DATA EXCERPT:
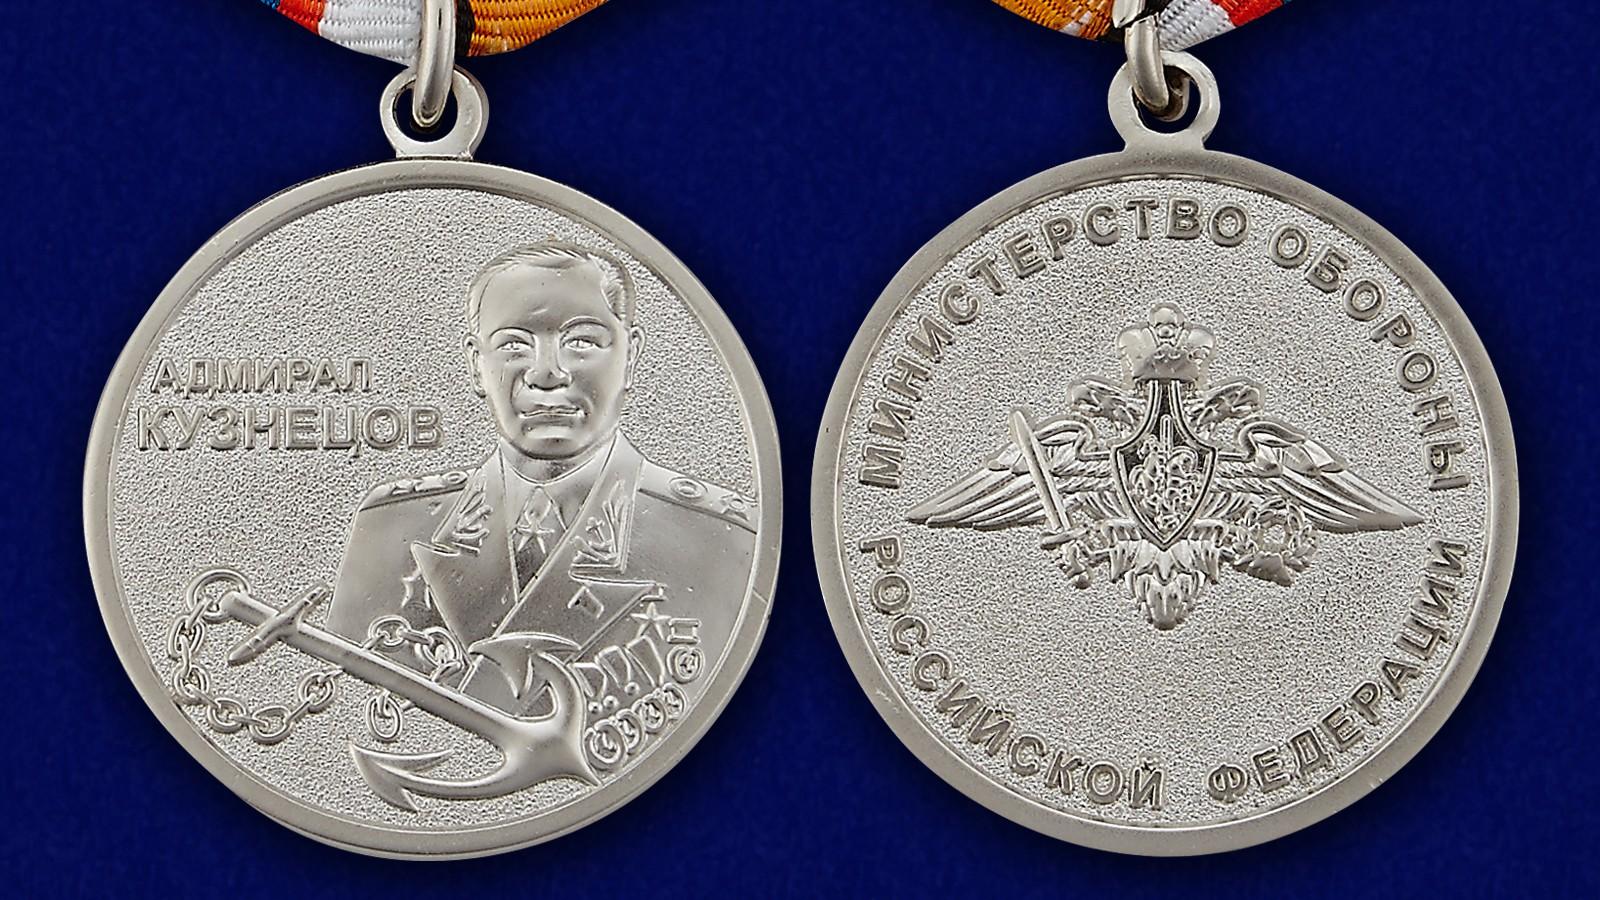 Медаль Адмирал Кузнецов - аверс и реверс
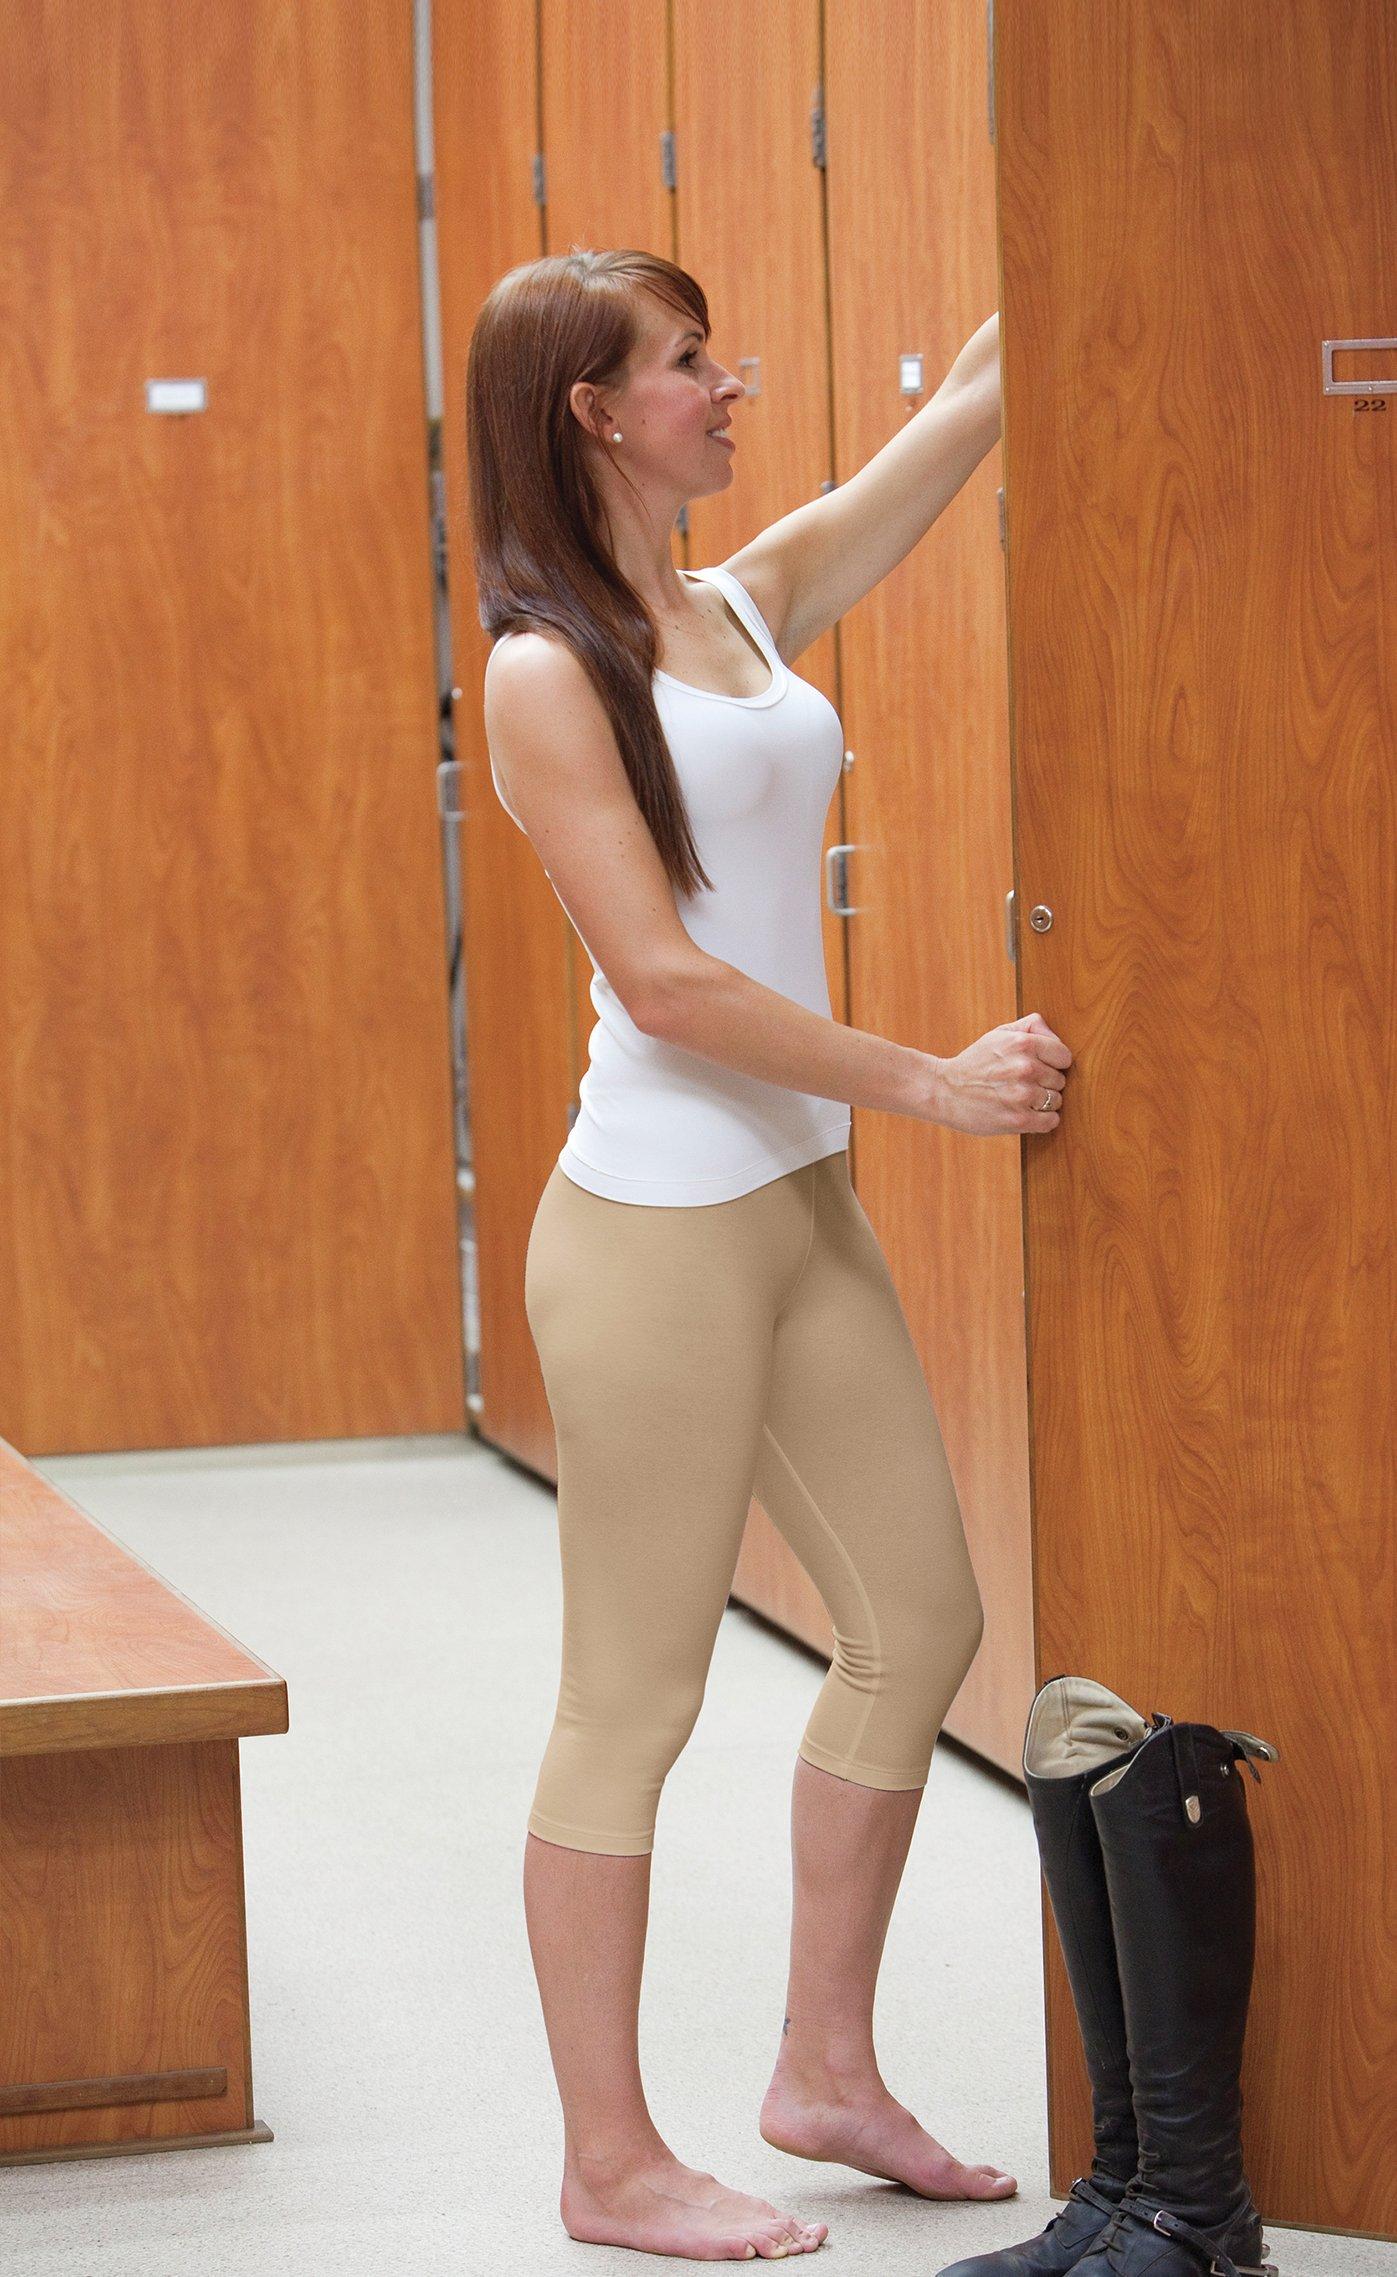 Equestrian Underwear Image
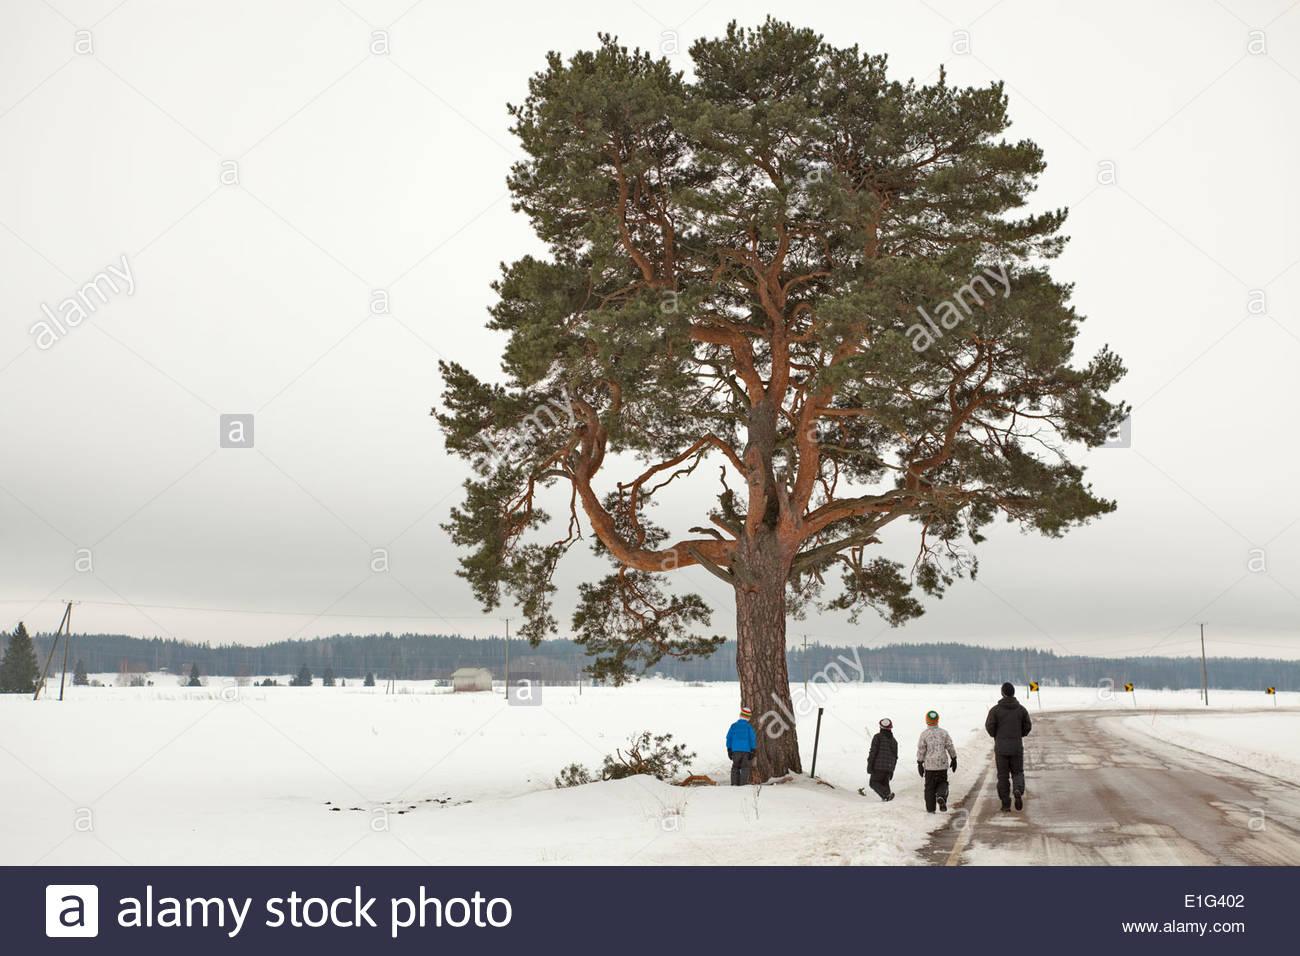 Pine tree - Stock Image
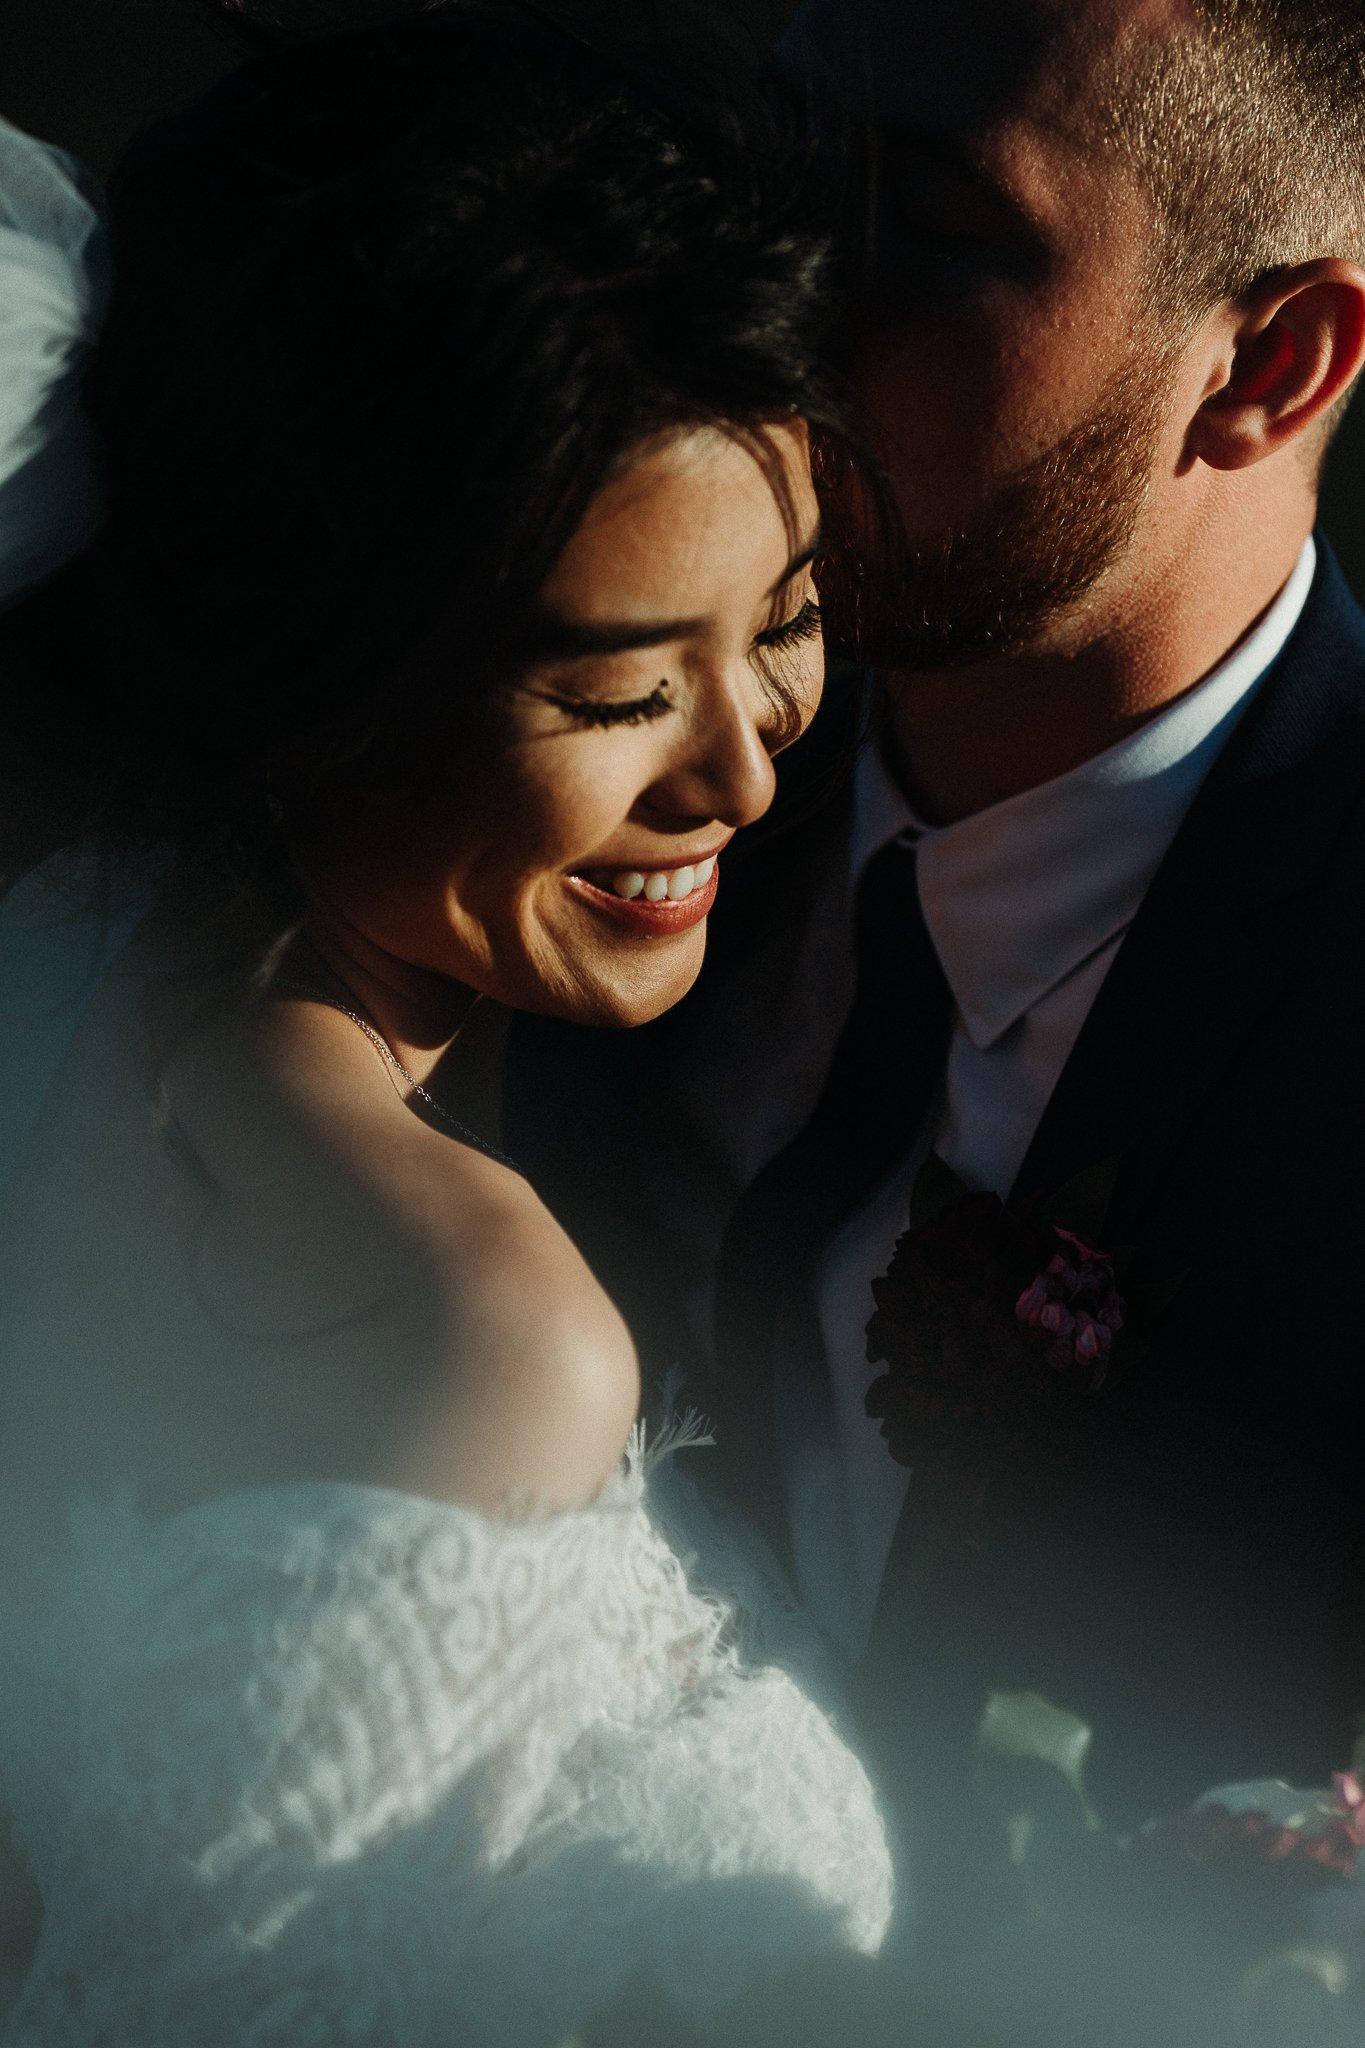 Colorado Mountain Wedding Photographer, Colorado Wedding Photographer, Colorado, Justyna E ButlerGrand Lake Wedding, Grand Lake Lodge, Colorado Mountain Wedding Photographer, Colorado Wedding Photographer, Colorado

WORK ORDER:
Reproduce the data verbatim and omit each image.

TASK SOLUTION:
 Медаль Адмирал Кузнецов - аверс и реверс
 Equestrian Underwear Image
 Pine tree - Stock Image
 Colorado Mountain Wedding Photographer, Colorado Wedding Photographer, Colorado, Justyna E ButlerGrand Lake Wedding, Grand Lake Lodge, Colorado Mountain Wedding Photographer, Colorado Wedding Photographer, Colorado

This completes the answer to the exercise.